• WHAT YOU ARE ASKED TO DO:
Return the lines of the data below starting at the one holding "Удлиняющийся обеденный стол" and ending at the one holding "Возьми или дай: в", word for word, leaving every picture out.

• AVAILABLE DATA:

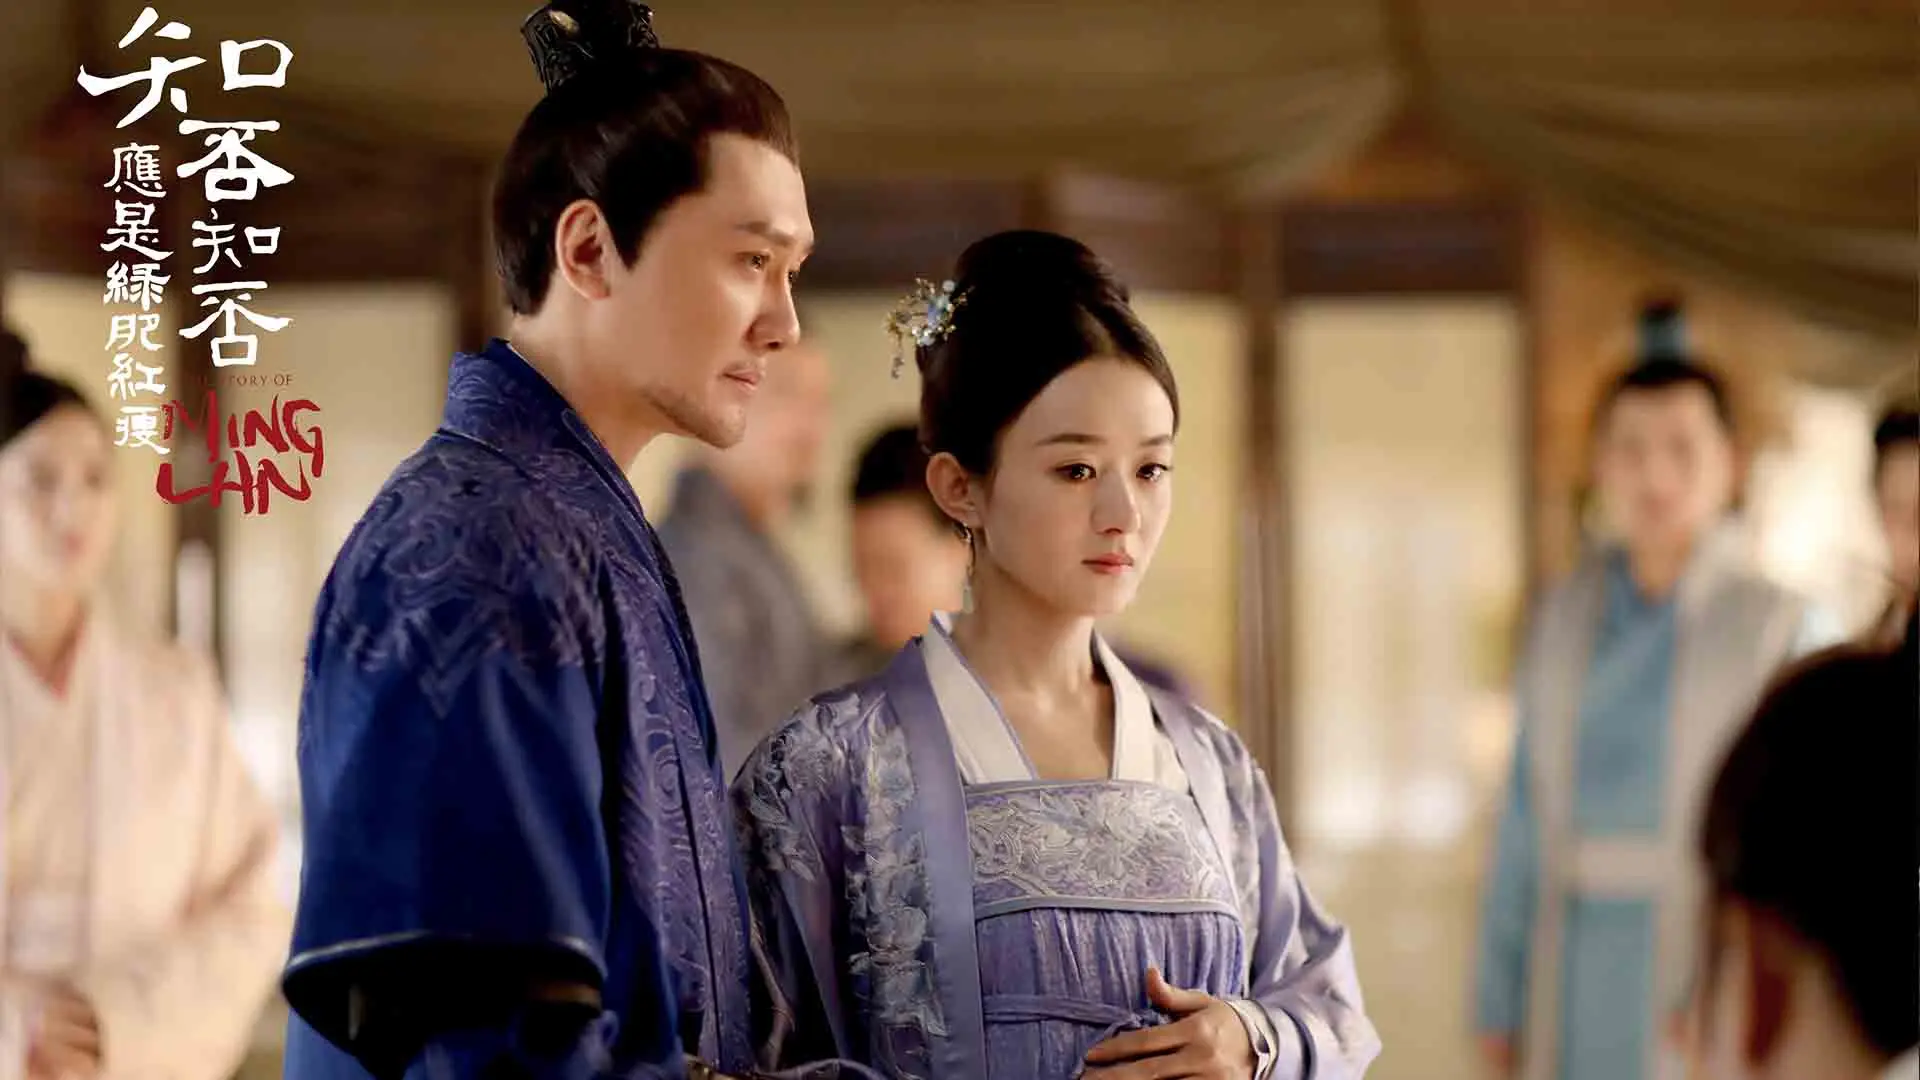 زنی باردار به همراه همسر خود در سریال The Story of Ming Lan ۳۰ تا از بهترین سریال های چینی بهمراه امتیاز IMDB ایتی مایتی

* * *

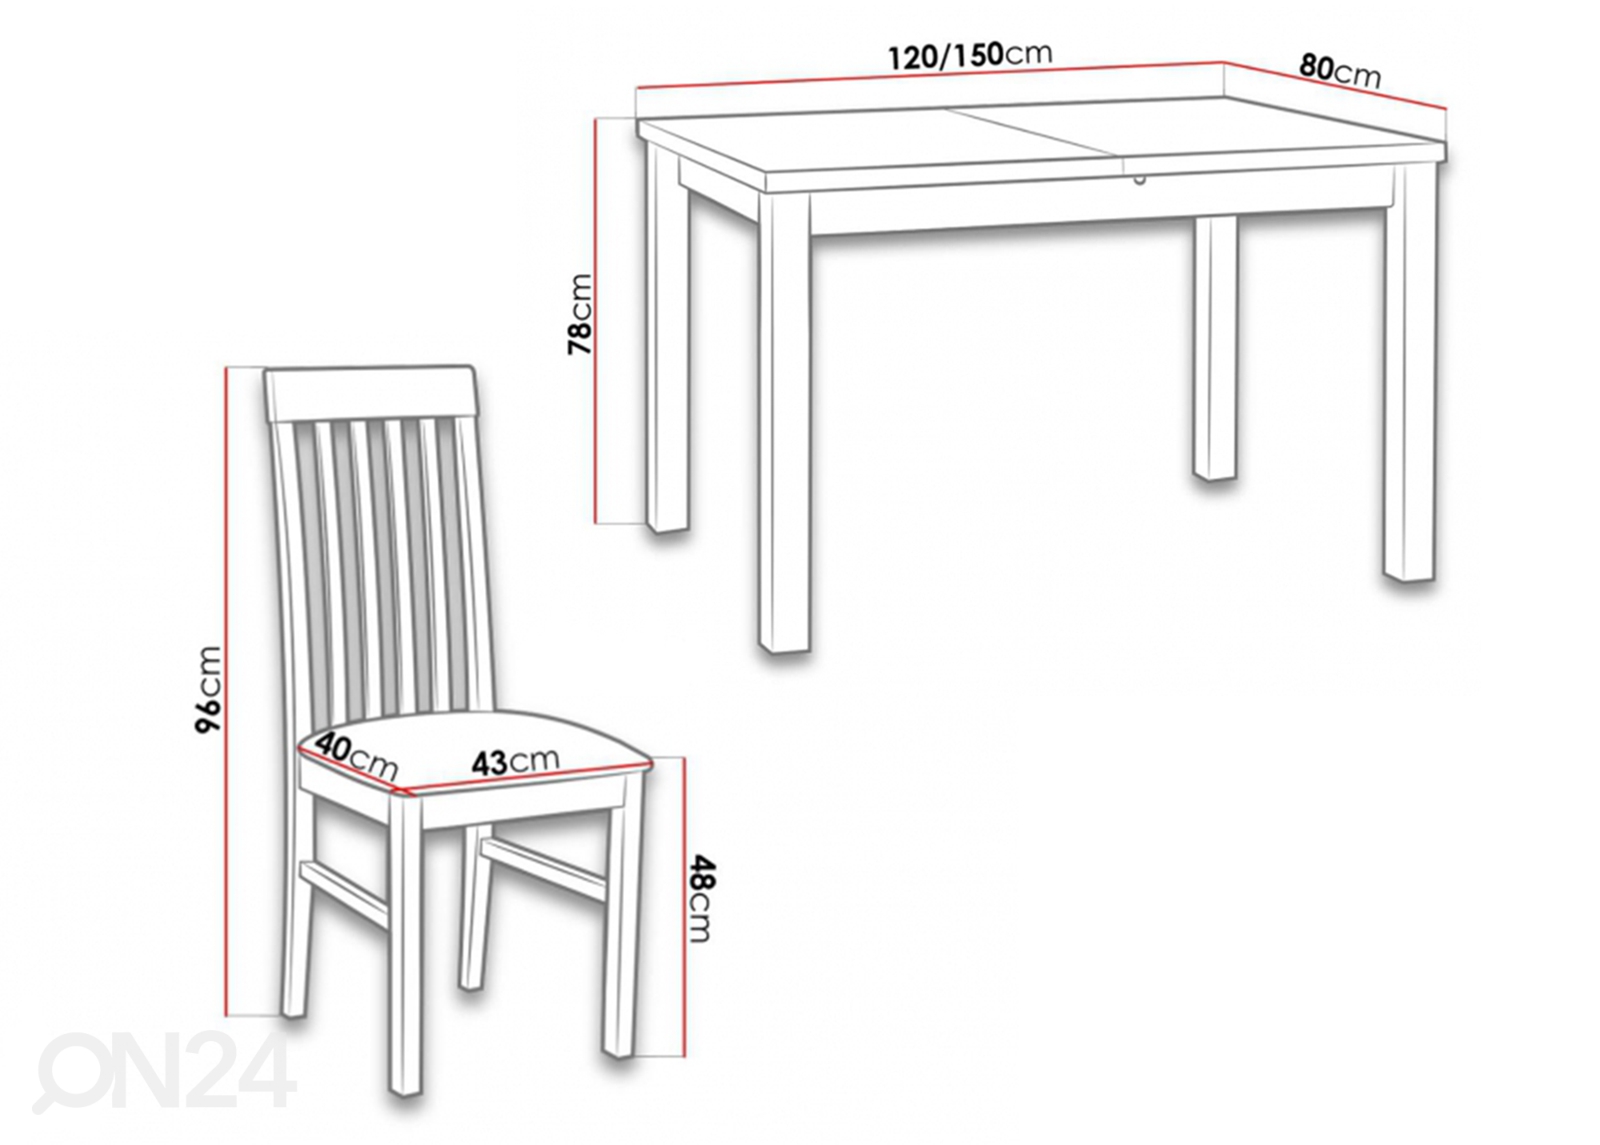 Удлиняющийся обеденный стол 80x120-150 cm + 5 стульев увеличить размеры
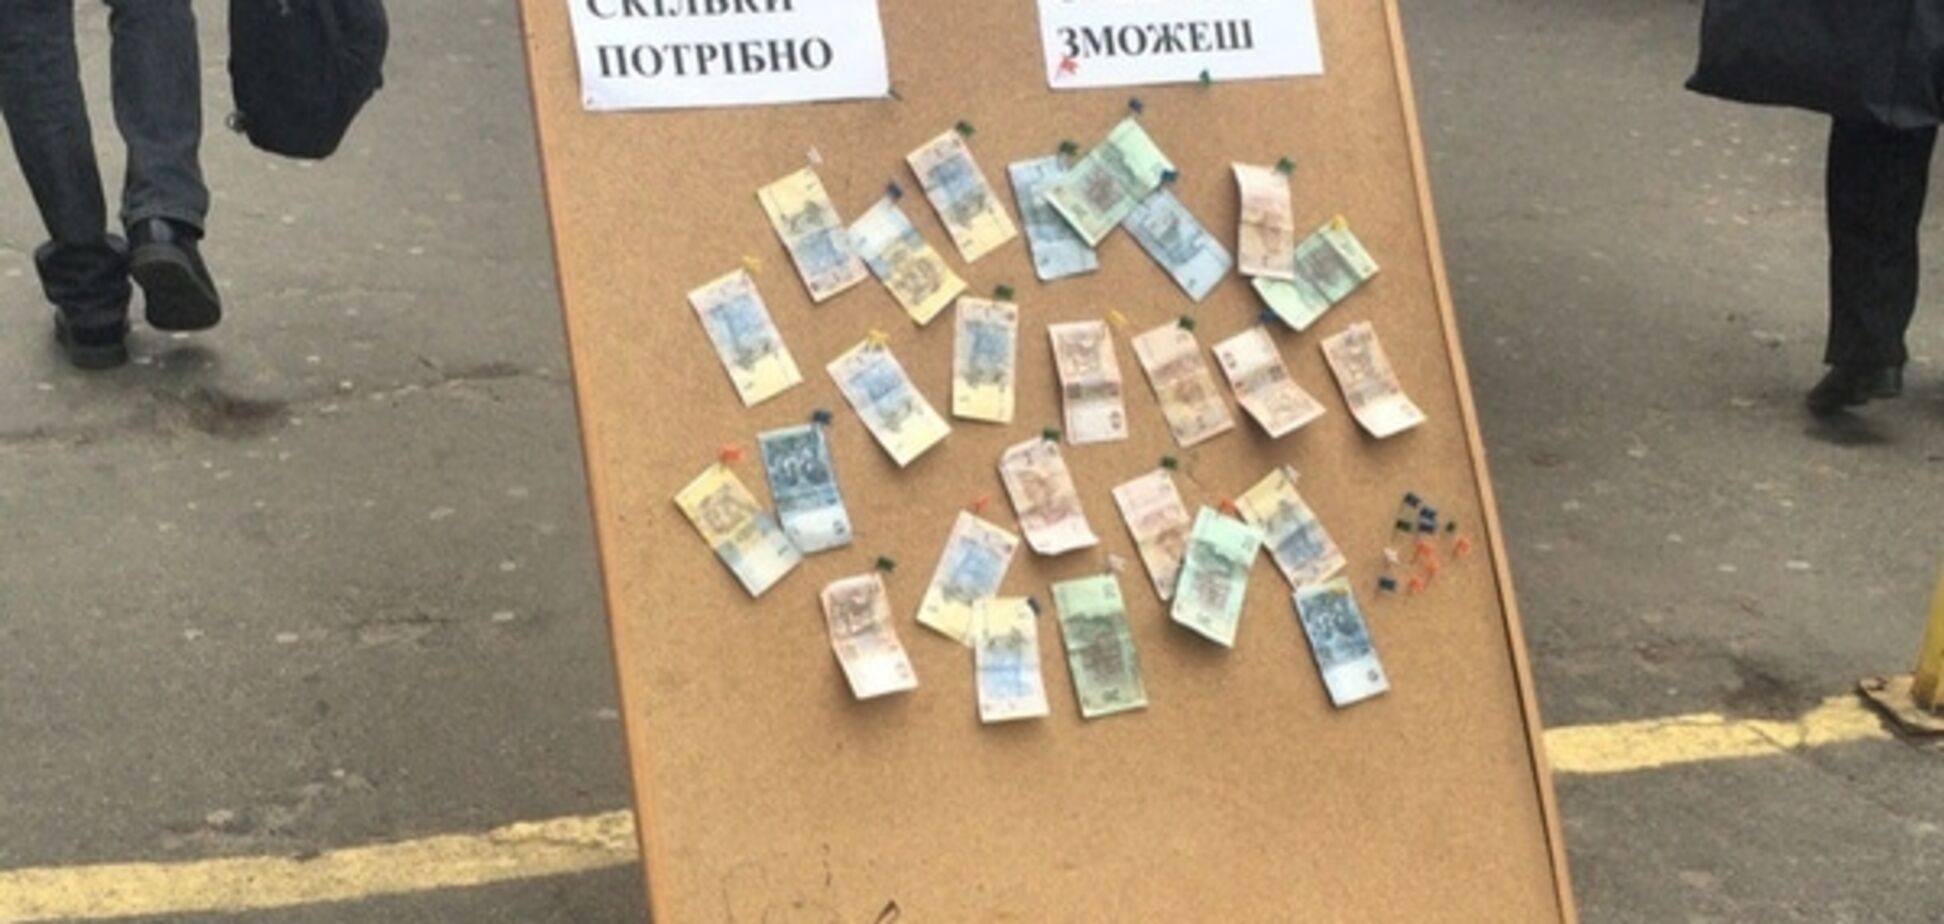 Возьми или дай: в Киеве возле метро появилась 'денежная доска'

--

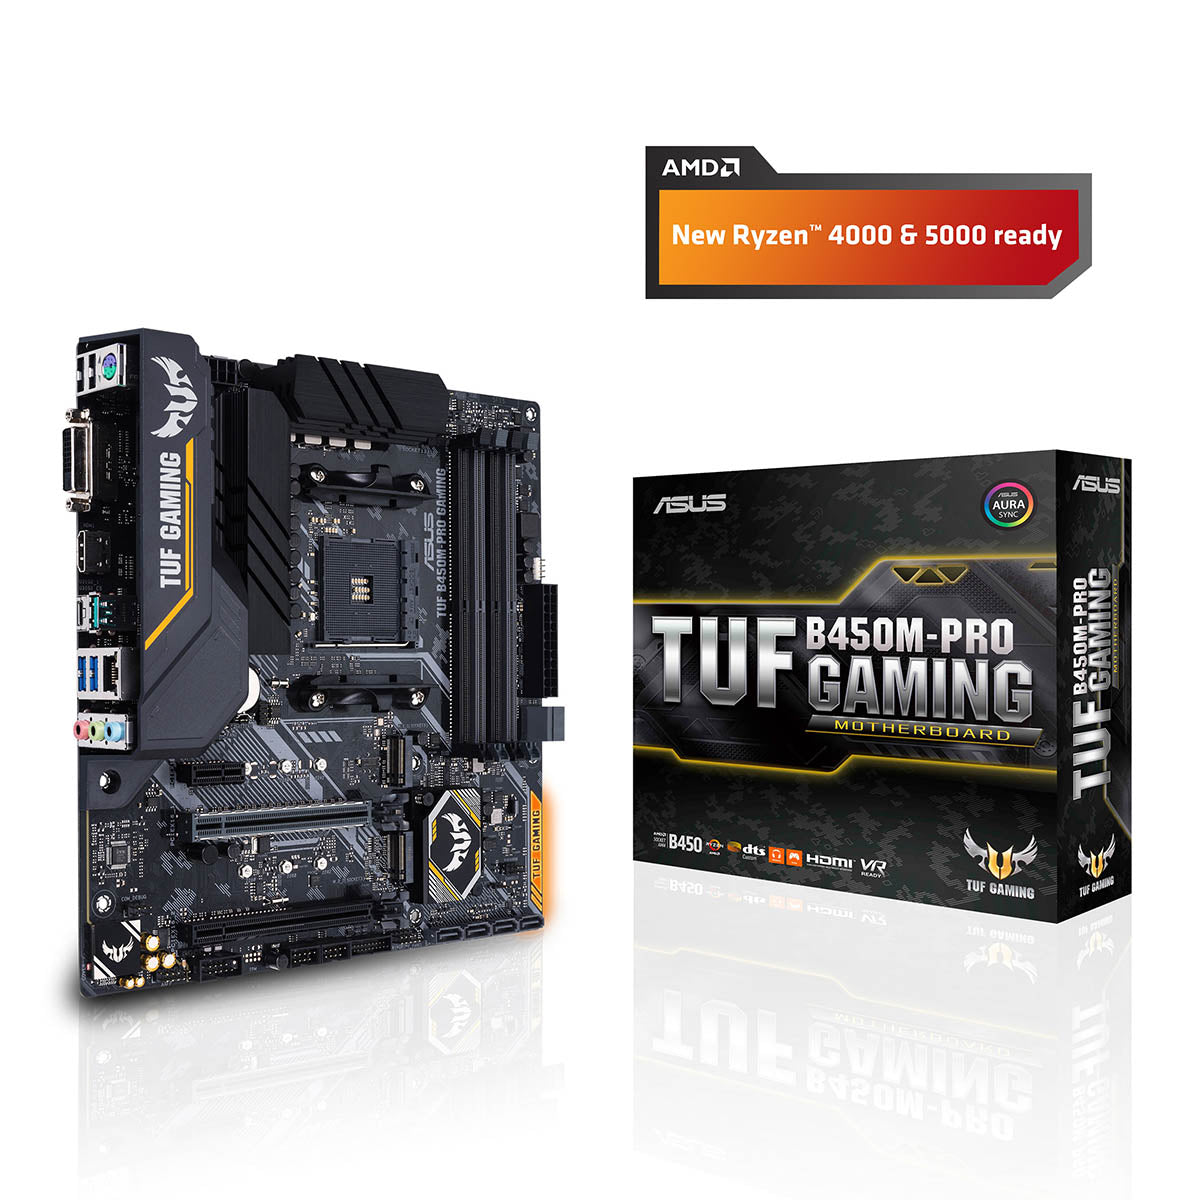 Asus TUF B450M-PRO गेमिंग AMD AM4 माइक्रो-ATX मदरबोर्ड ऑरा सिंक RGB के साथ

• RESPONSE TO THE EXERCISE:
 Удлиняющийся обеденный стол 80x120-150 cm + 5 стульев увеличить размеры
 Возьми или дай: в Киеве возле метро появилась 'денежная доска'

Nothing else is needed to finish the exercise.